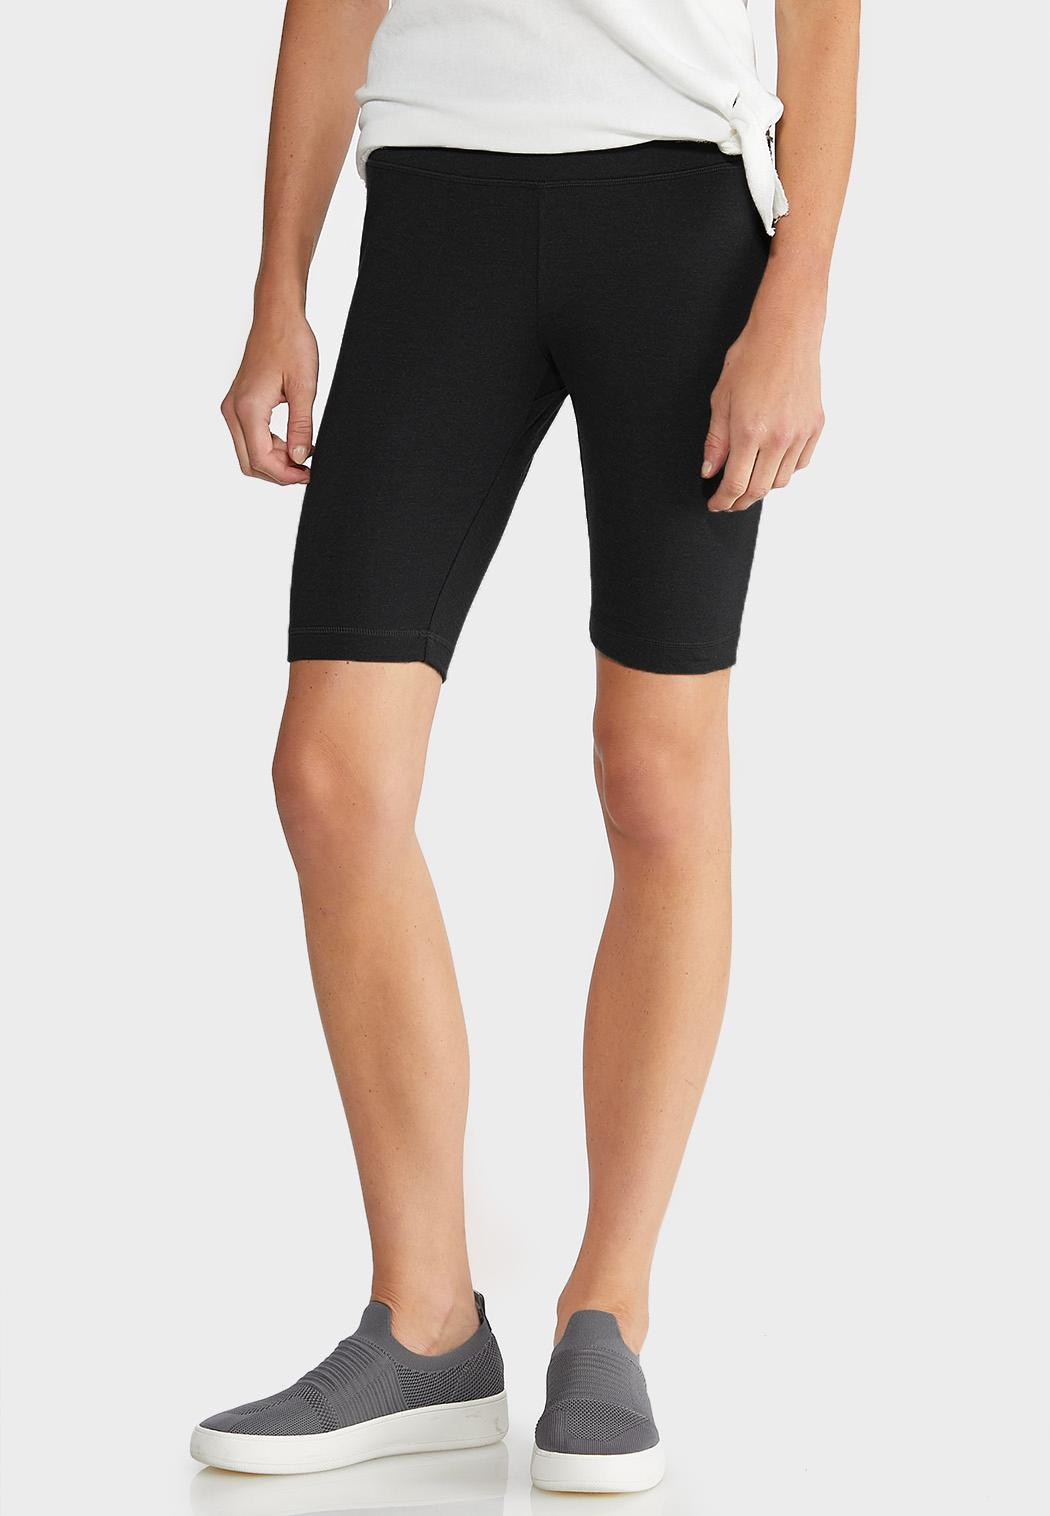 Black Stretch Shorts
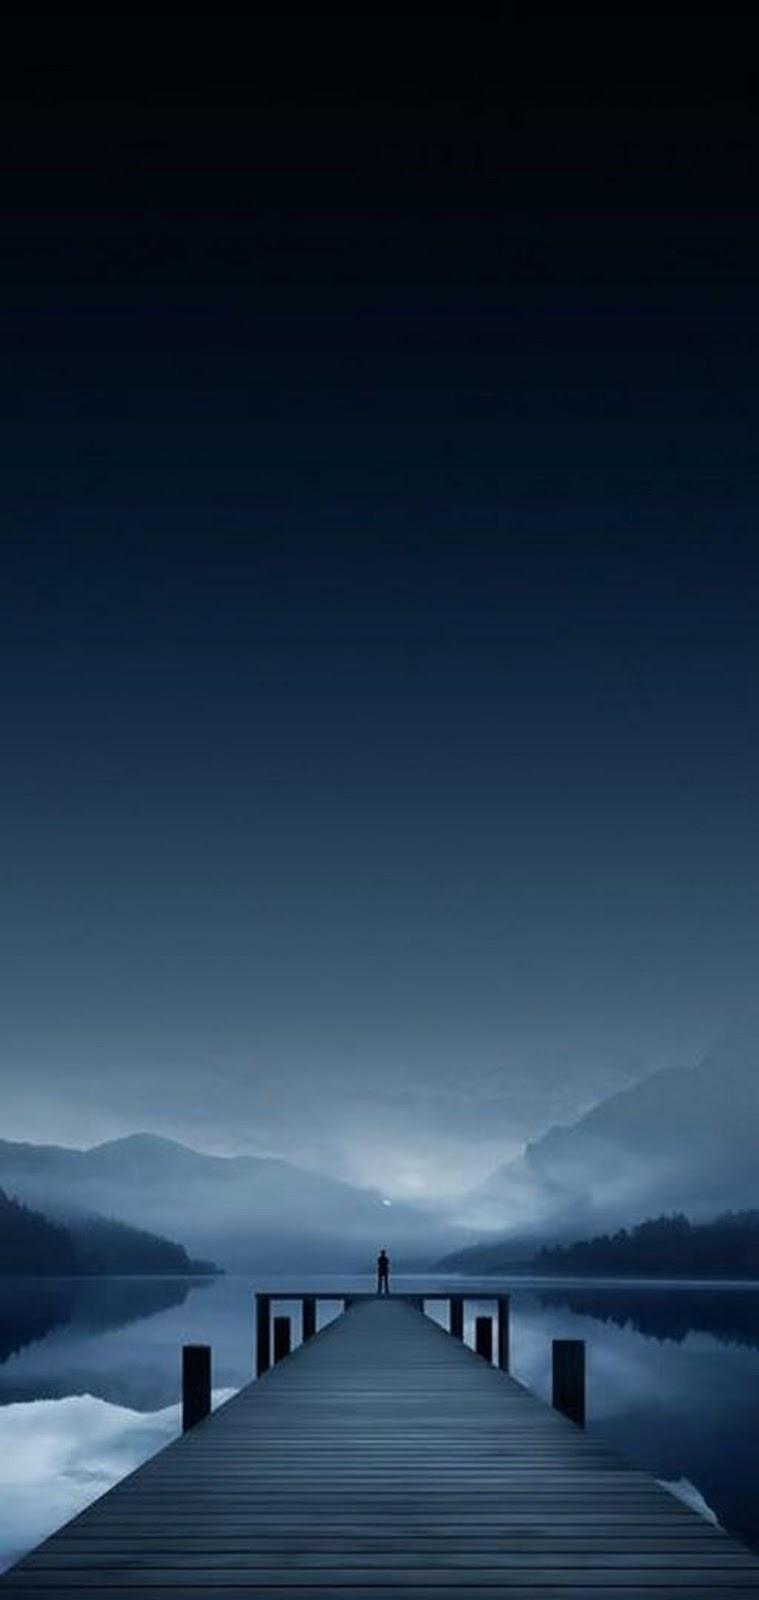 Iphone 11 Background Screen Wallpaper 2020 Top4um
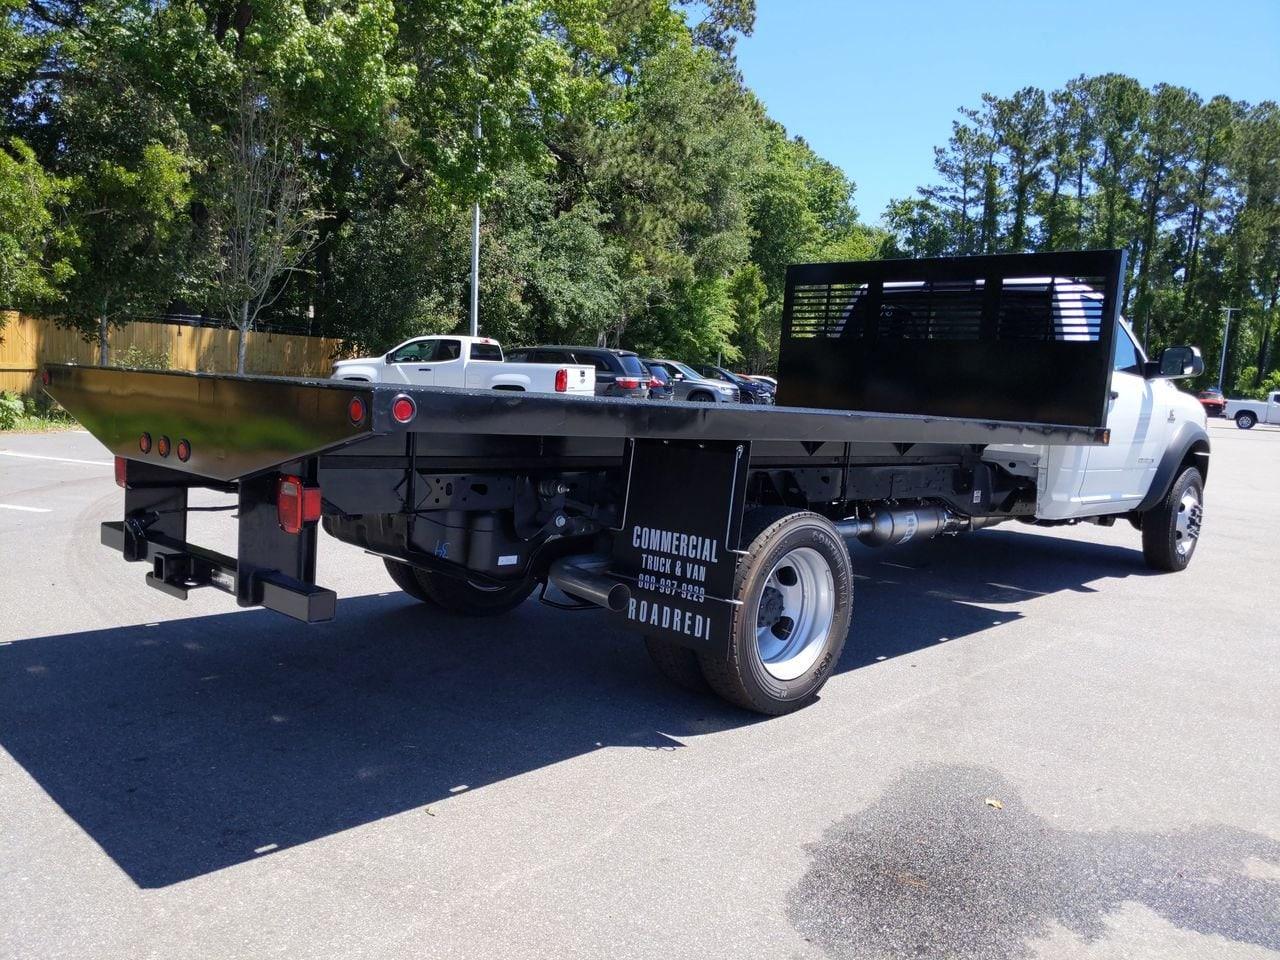 2019 Ram 5500 Regular Cab DRW 4x2, Commercial Truck & Van Equipment Platform Body #M190599 - photo 1

* * * *

__Exercise goal__.
Please provide a faithful transcription of all the data, pictures excluded.

__Result of the exercise__.
 Black Stretch Shorts
 Iphone 11 Background Screen Wallpaper 2020 Top4um
 2019 Ram 5500 Regular Cab DRW 4x2, Commercial Truck & Van Equipment Platform Body #M190599 - photo 1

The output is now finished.